**Work task**:
The listing that follows should be copied in full and exactly, with no pictures.

Start of Supplied data

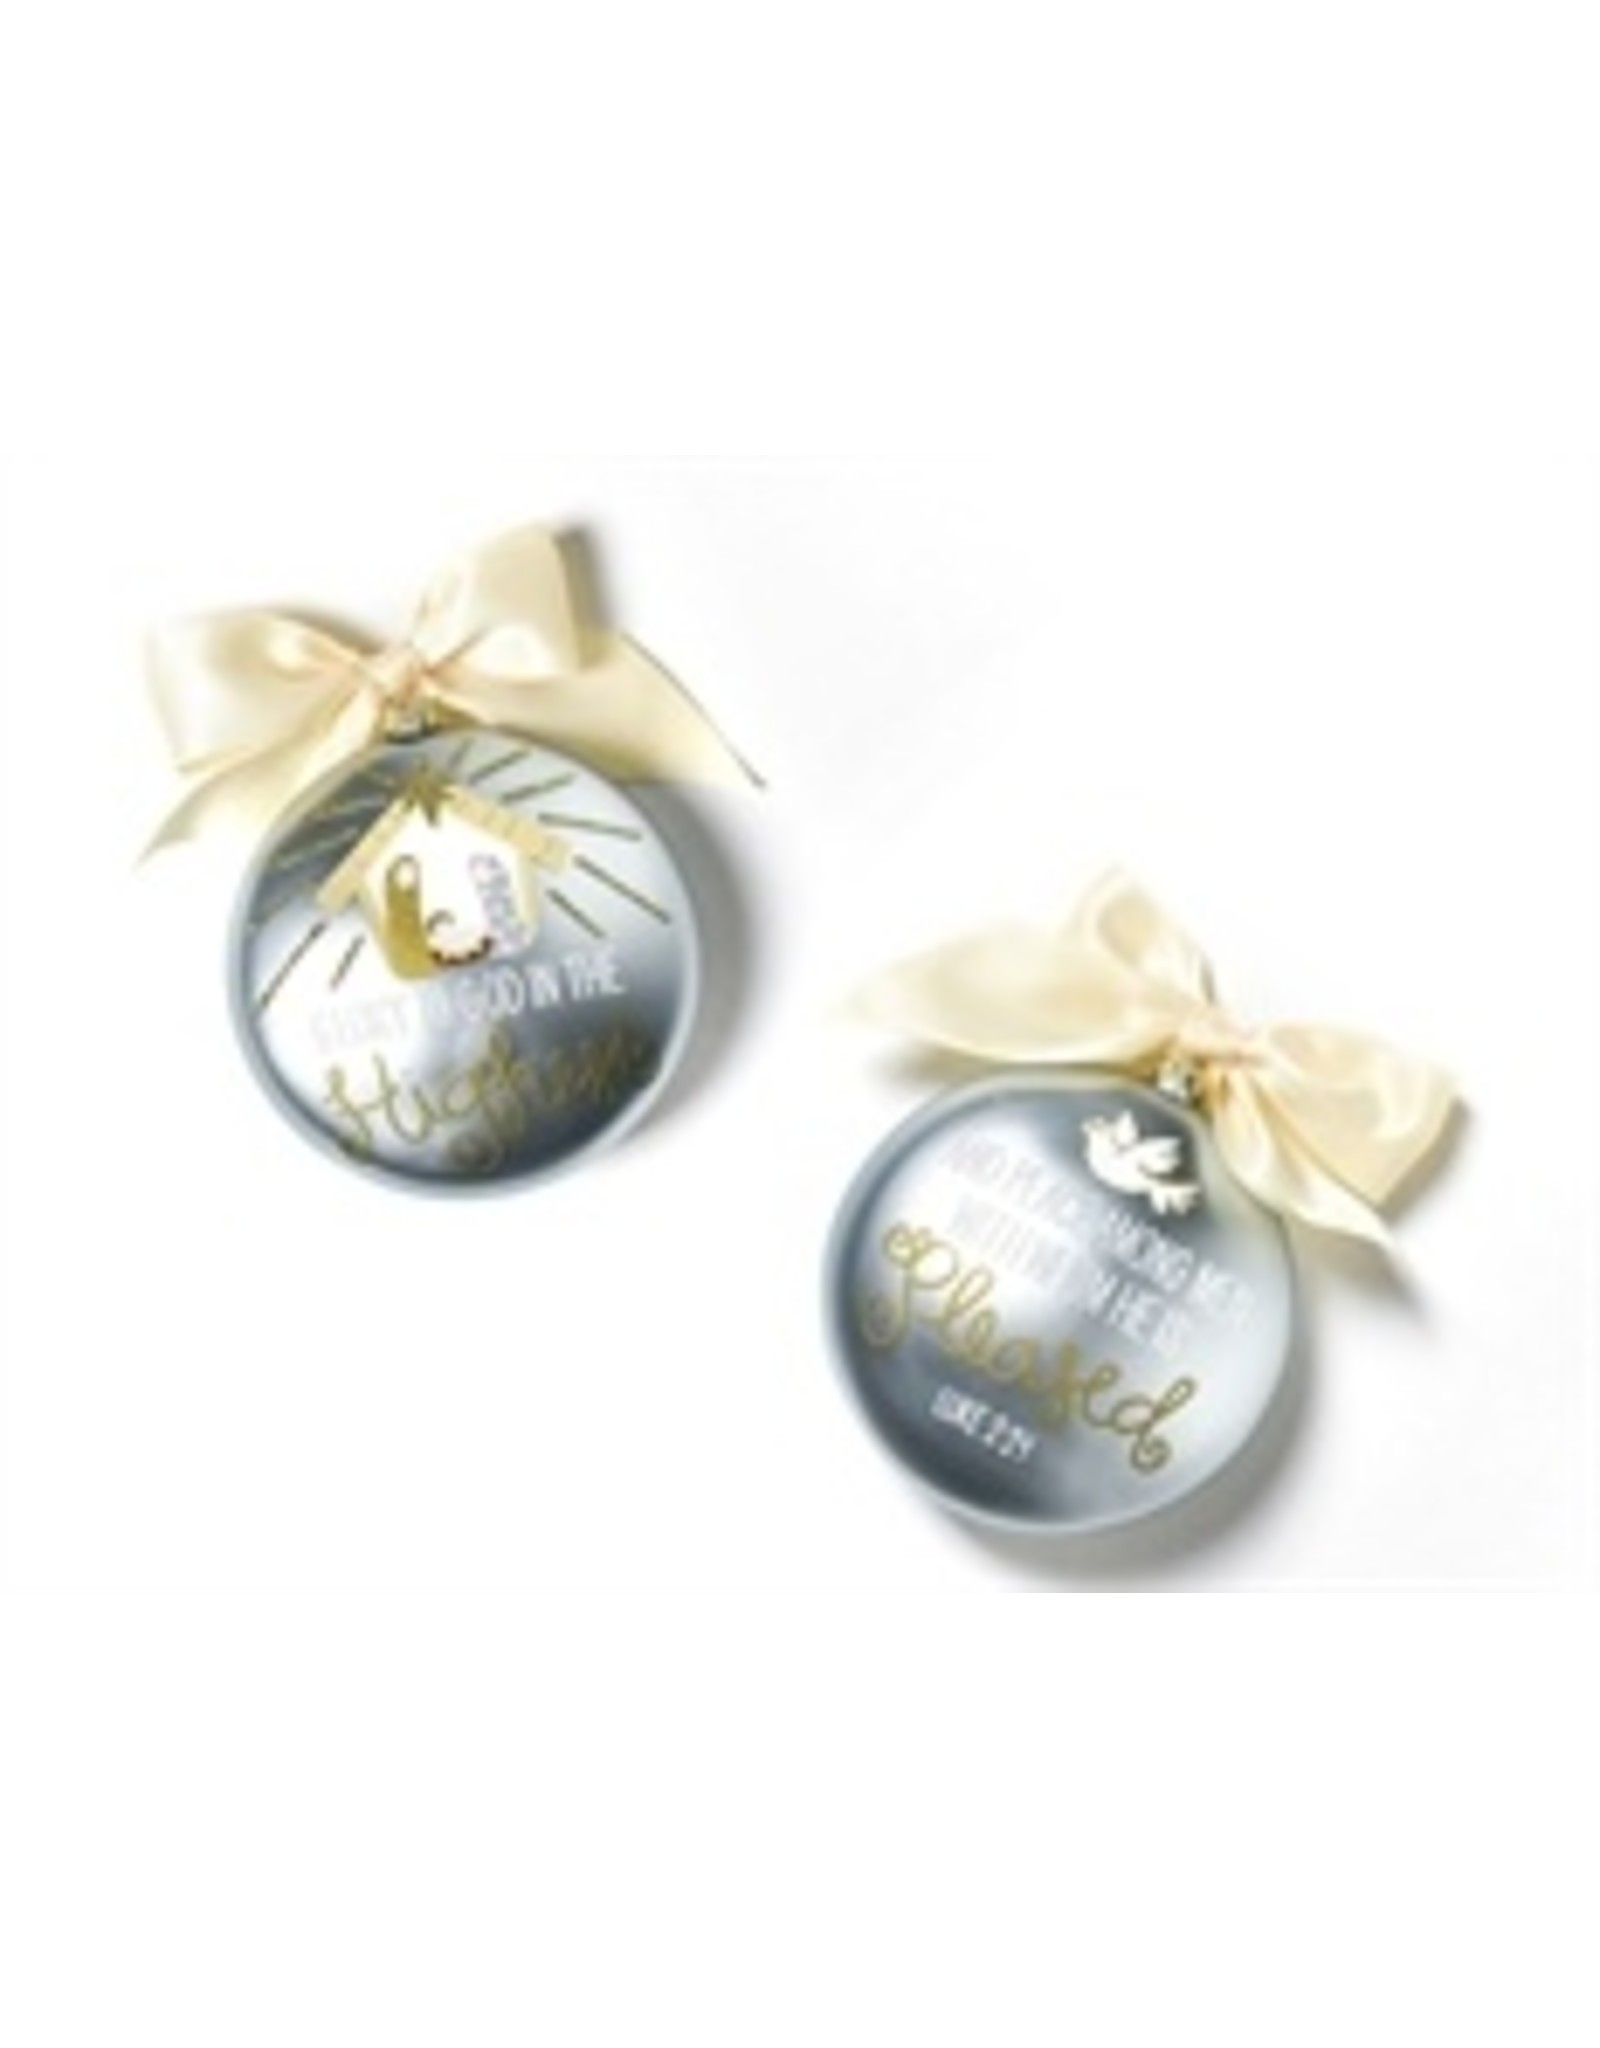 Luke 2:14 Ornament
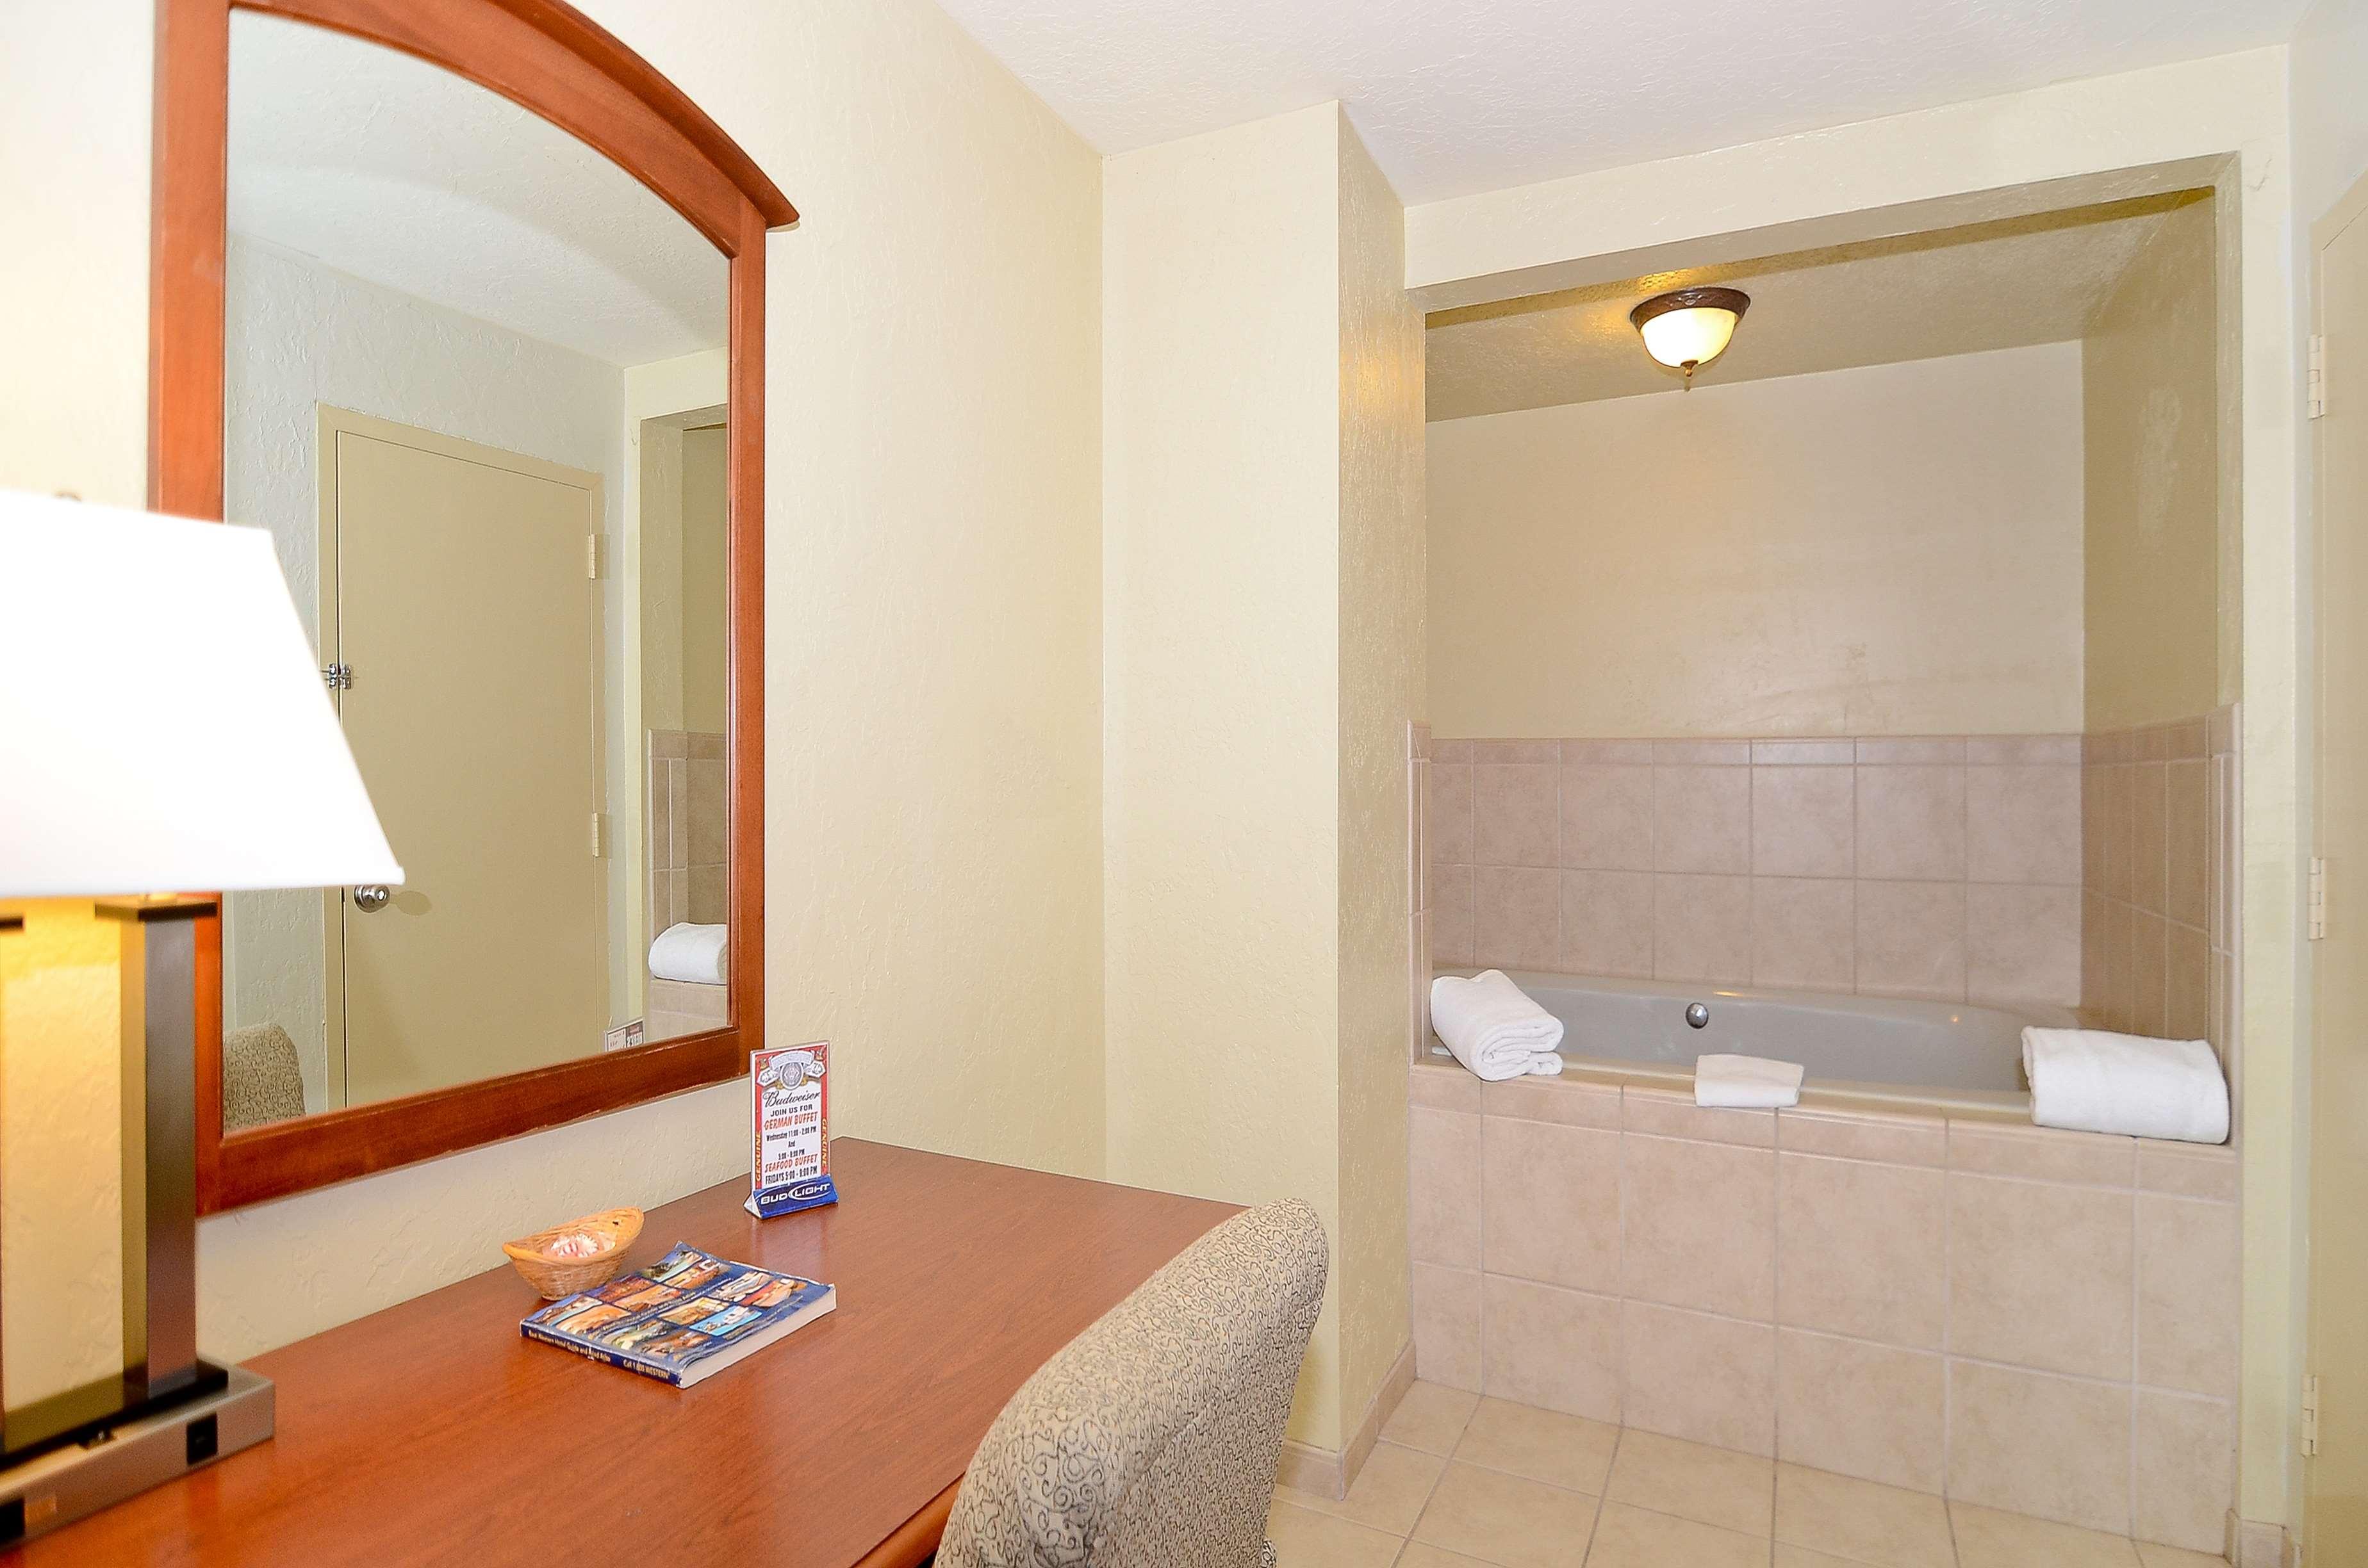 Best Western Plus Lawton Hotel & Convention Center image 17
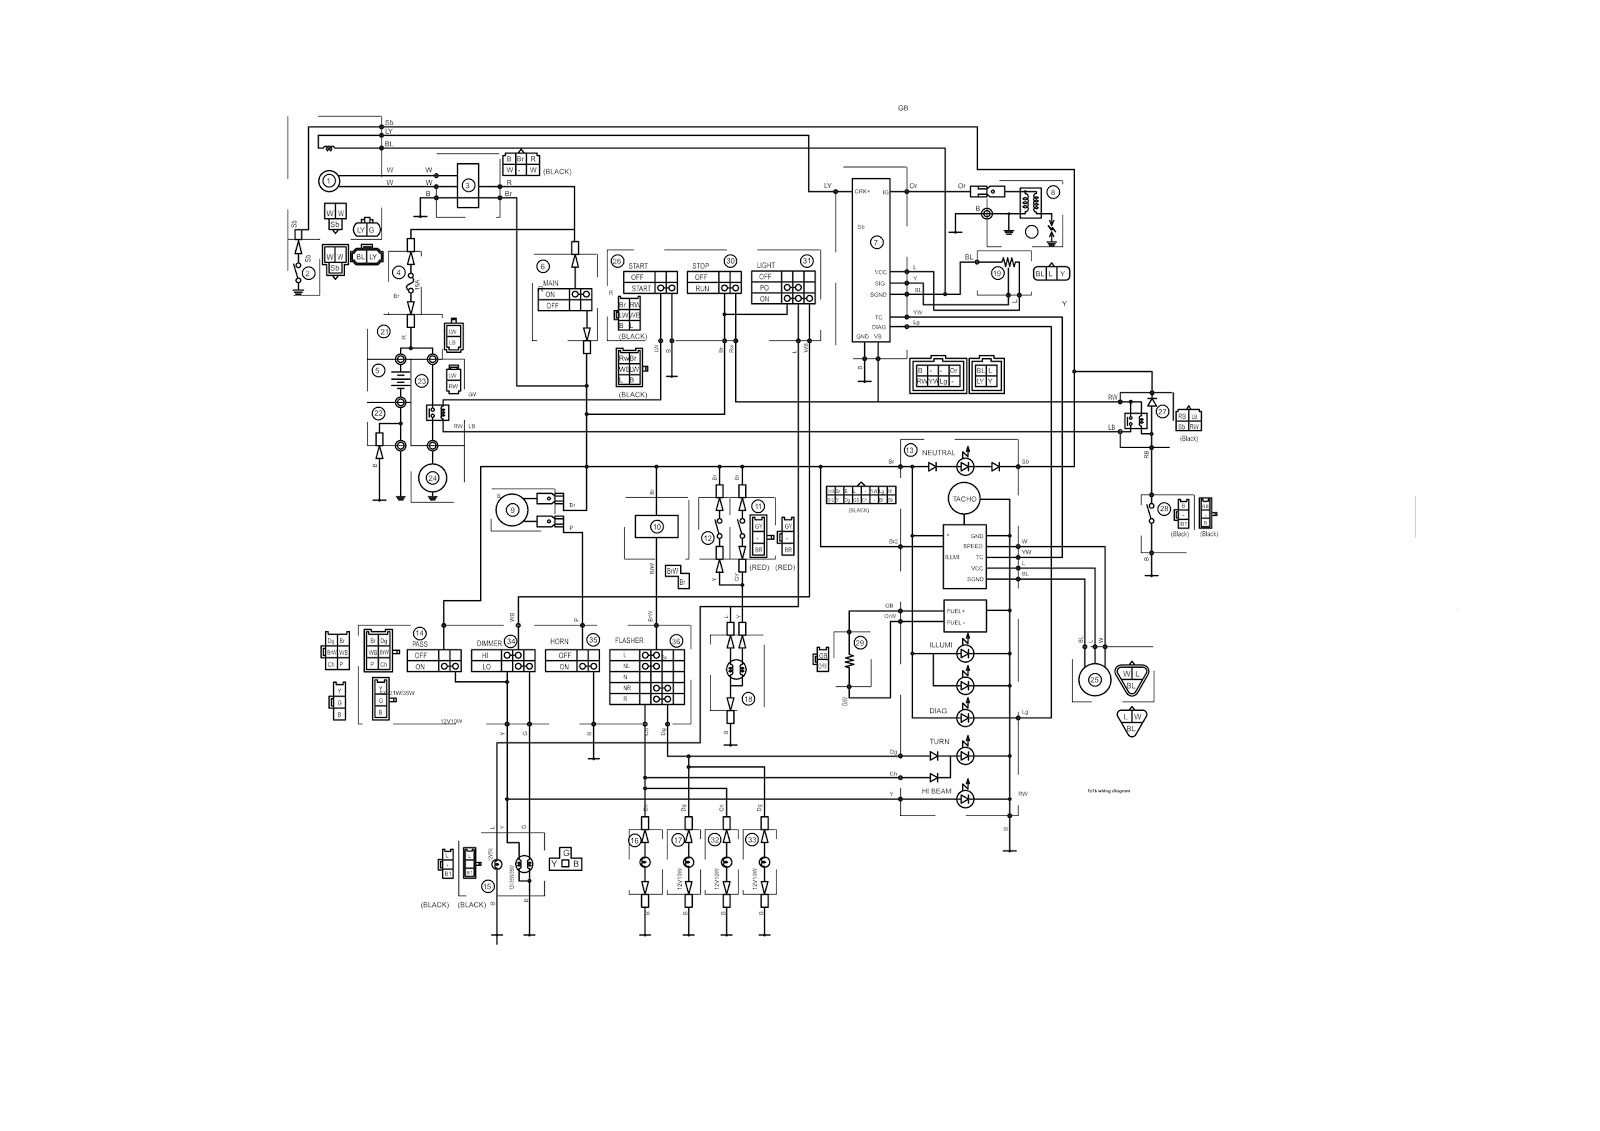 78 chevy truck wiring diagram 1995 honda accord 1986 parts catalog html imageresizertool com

End of Supplied data

**Response**:
 Luke 2:14 Ornament
 Best Western Plus Lawton Hotel & Convention Center image 17
 78 chevy truck wiring diagram 1995 honda accord 1986 parts catalog html imageresizertool com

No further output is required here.